Nobody has had a problem with this. Most people actually appreciated it saying that they want their work to be seen, and knowing the data collection is thorough is reassuring.
The power asymmetry
I want to name something that’s easy to skip over: a manager using AI to evaluate reports is not the same thing as an engineer using AI to write code. The engineer controls their own output. The report has less visibility into and less control over the evaluation process.
That asymmetry is why transparency matters. It’s why boundaries on what data enters the model are non-negotiable. And it’s why the human judgement layer isn’t optional. It’s the whole point.

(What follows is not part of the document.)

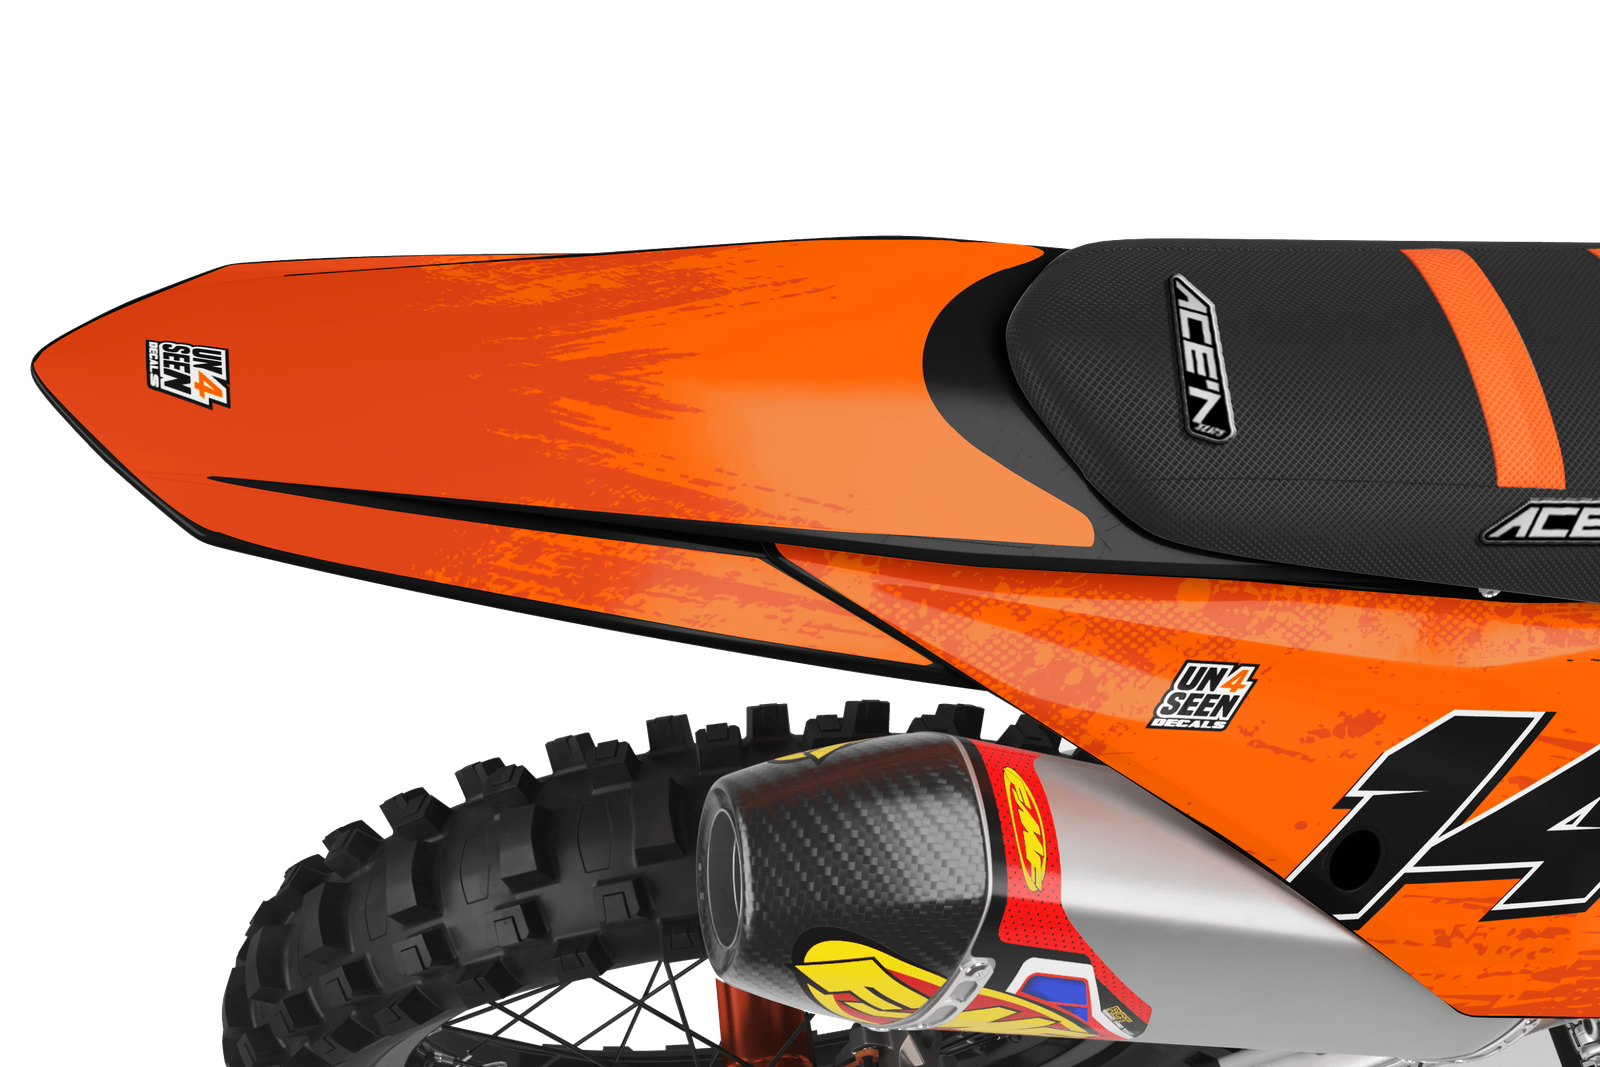 KTM  Moaning Monsters Graphics Kit - Starlight Slop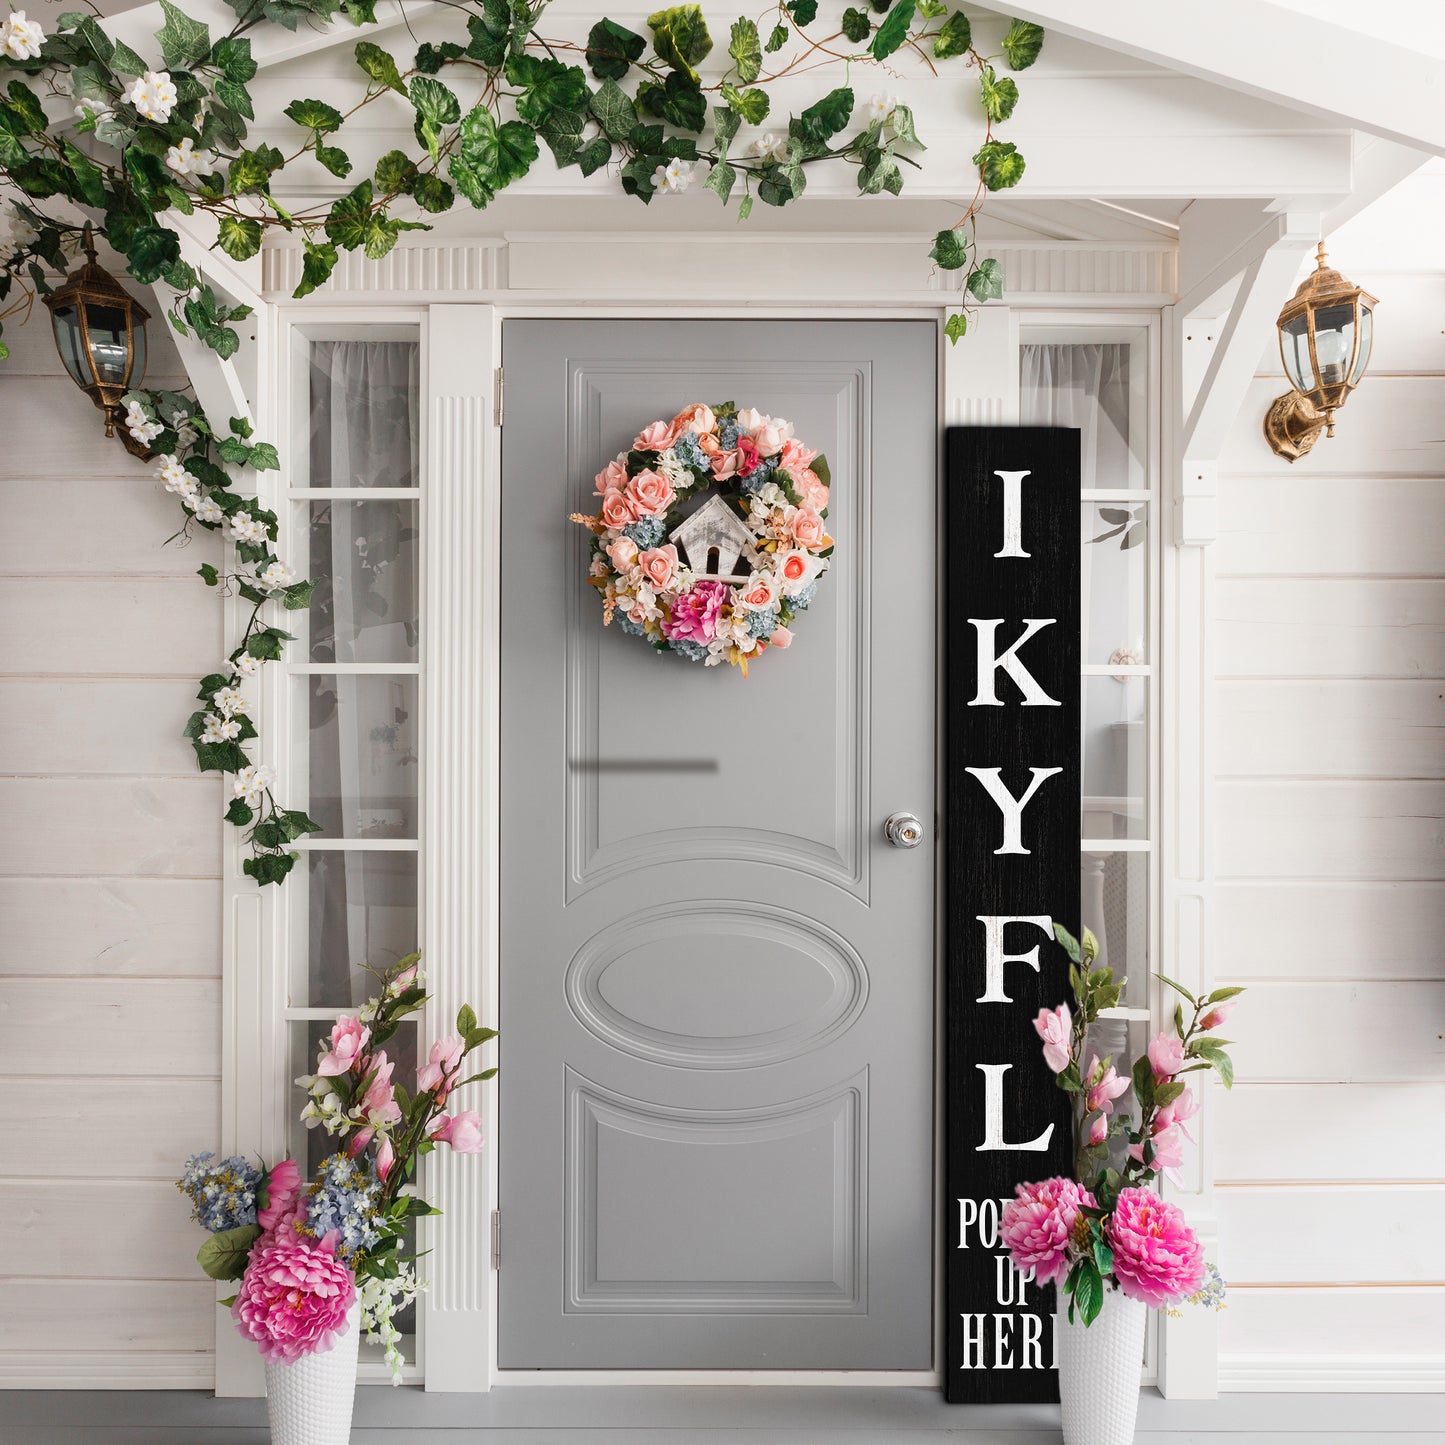 72in "IKYFL Poppin Up Here" Wooden Porch Sign | Bold & Playful Entryway Decor | Fun Door Sign for Home, Porch, Patio | Black

Better data, better judgement
I want to close by pushing back on a framing I see a lot: that using AI for management tasks means you’re “automating management.” That’s wrong, or at least it’s describing something very different from what I do.
What I’ve automated is the tedious, error-prone, time-consuming work of reconstructing what happened. I haven’t automated a single decision. If anything, the decisions are harder now Since I have more data, I see more nuance, and I can’t fall back on “I think they had a good month.”
The real payoff isn’t saving time, though that’s real. It’s that good data collection unlocks a higher review cadence. When building a review draft takes minutes instead of hours, you can afford to do it monthly instead of quarterly. You catch things sooner; both problems and wins. You give feedback while it’s still fresh. You spot growth trajectories early enough to act on them.
The goal is not an EM who does less. It’s an EM who is more present, more informed, and more fair. One who walks into a review conversation having actually seen everything their report shipped, not just the highlights they remember.
The LLM didn’t make me a better manager. It gave me the time and data to actually be one.